I've done some calculations on a large number of data, and created the following graph in excel representing the data:
How do I go about analysing this regression in order to find the formula that approximately matches this graph?
A few random samples of data:
1, 1.861
0.95, 3.675
0.84, 4.487
0.83, 4.542
0.61, 5.389
0.50, 5.786
0.42, 6.076
0.34, 6.349
0.18, 7.102
0.08, 7.925
0.04, 8.511
0.01, 10.171
Is there a good tool for calculating it somewhere? I've tried searching but no luck
On
The plot suggests a sigmoïd function and the logistic function seems to be a good candidate for a reasonable fit.
The most traditional formulation is $$y=\frac{L}{1+e^{-k(x-x_0)}}$$ and, in your case, $k$ would be negative. Since your data are obviously percents, then the value of $L$ is known (it should be $1$ or $100$ depending if you work with fractions or percents). Let us say that we use fractions (just as in the data set you provide). So, let us keep the model as $$y=\frac{1}{1+e^{-k(x-x_0)}}$$ This requires nonlinear regression which itself needs reasonable estimates of the parameters for starting iterations. These can be obtained by a preliminary step; writing $$z=\log\Big(\frac 1y-1\Big)=-k(x-x_0)=\alpha +\beta x$$ a first linear regression of the $z_i$'s as a function of the $x_i$'s will give $\alpha$ and $\beta$ from which you can deduce easily estimates of $k$ and $x_0$ (for sure, you must discard for this first step all data points for which $y=1$). All of this can be done using Excel.

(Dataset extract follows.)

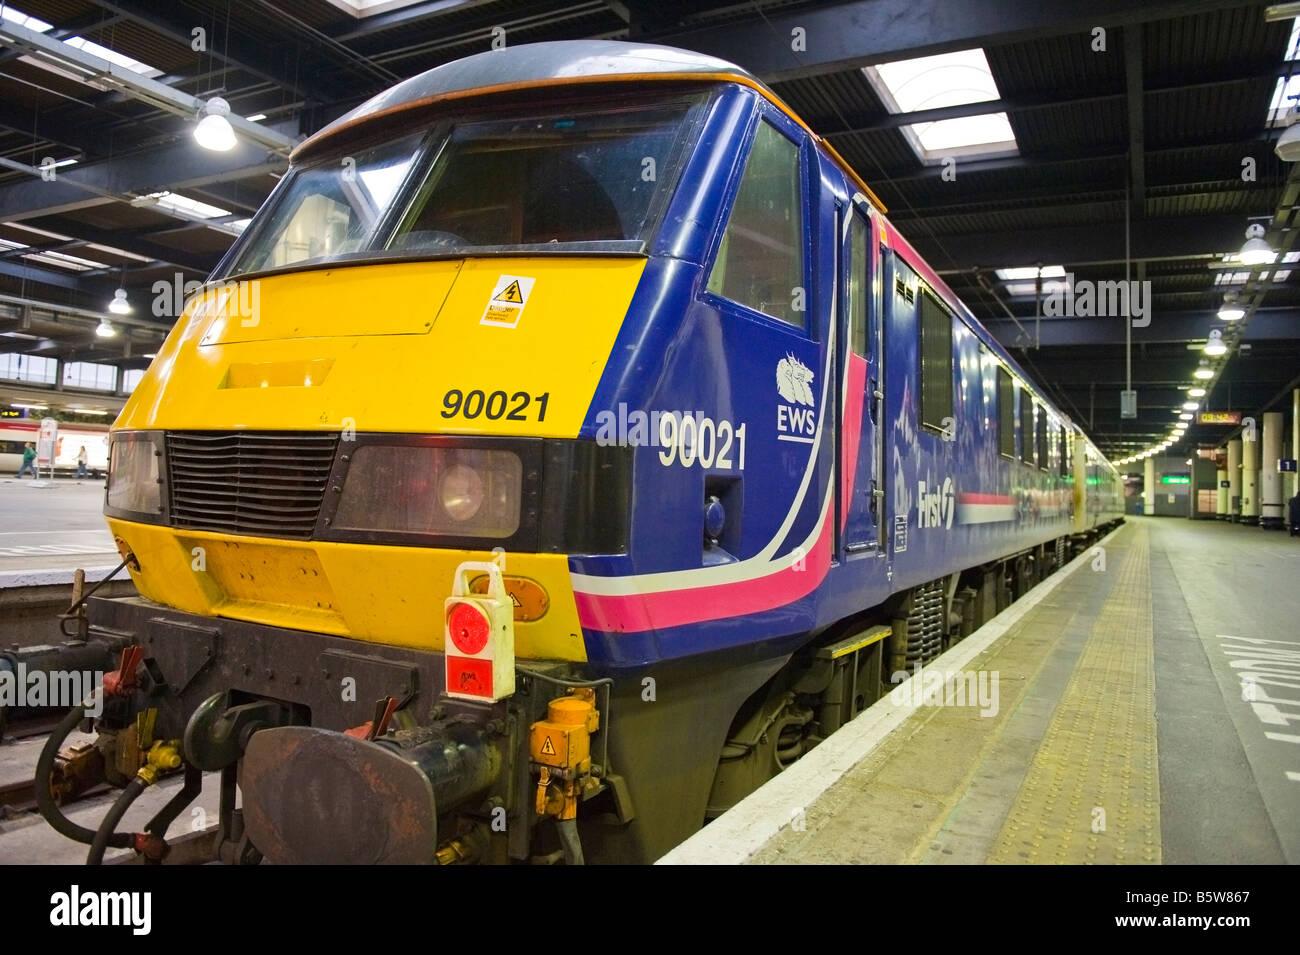 London , Euston Railways Station , EWS First Scot Rail train engine at platform - Stock Image

Now, you are ready for the nonlinear regression and you could find online various software for doing the work which can be done using Excel solver.
I suggest you have a look at http://www.real-statistics.com/logistic-regression/finding-logistic-regression-coefficients-using-excels-solver/
Using this method for the data set given in the post, the first step will give $\alpha= -6.8245$ and $\beta=1.1591$, that is to say $k=1.1591$ and $x_0=5.8878$ and the final result would be $$y=\frac{1}{1+e^{1.22051 (x-5.80793)}}$$ and the fit is very good (the coefficient of determination being $R^2=0.9998$. I suppose you notice how good are the initial estimates.

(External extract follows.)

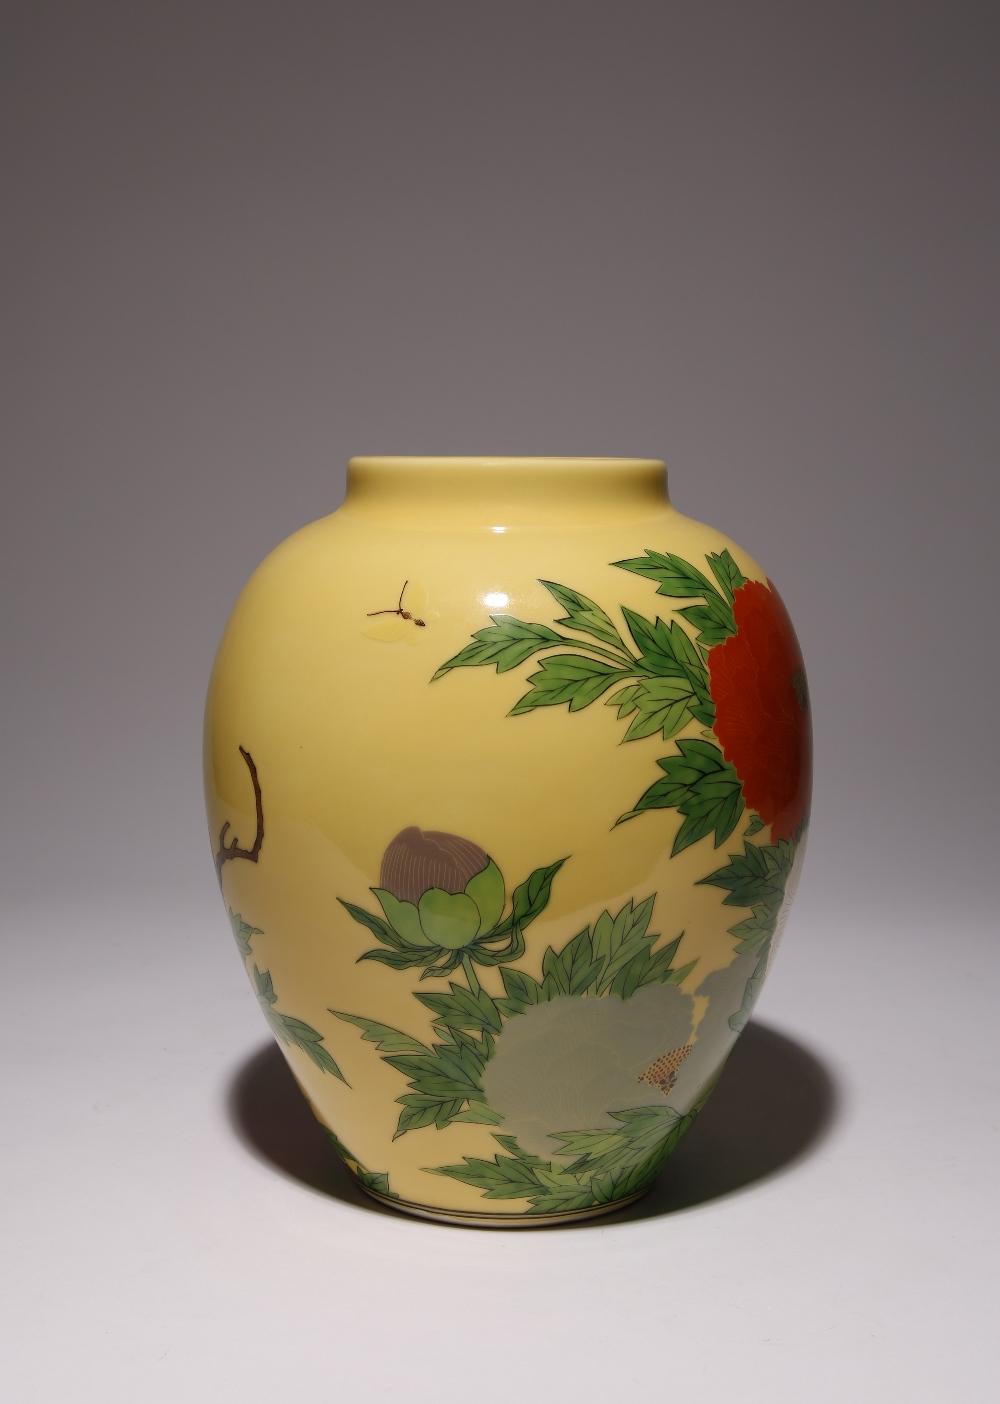 A JAPANESE VASE BY SEIFU YOHEI III (1851-1914) MEIJI OR TAISHO PERIOD, 20TH CENTURY The ovoid body

What you're doing here is not how the term "logistic regression" is normally understood.
In logistic regression you have real numbers in one column and $0$s and $1$s in the other. The logistic function is an estimate of the probability of getting a $1$, given the value of the number on the $x$-axis. You're fitting a curve $$ \operatorname{logit} p = \log\frac p {1-p} = ax+b\qquad\text{or, equivalently}\qquad p=\frac{1}{1+e^{-(ax+b)}}.\tag1 $$ You have a likelihood function $$ L(a,b) = \prod_x \begin{cases} p & \text{if }x=1, \\ 1-p & \text{if }x=0, \end{cases} $$ where $p$ depends on $x$ as in $(1)$ and the product is over all of the observed $x$ values. So you have something like $x=$ the patient's income and you get a $1$ or a $0$ according as the patient survived the procedure or not $\ldots$ etc.
The estimates of $a$ and $b$ are the values that maximize $L(a,b)$, and those are found numerically. An algorithm called iteratively reweighted least squares is used, but I think other algorithms may be replacing it in practice.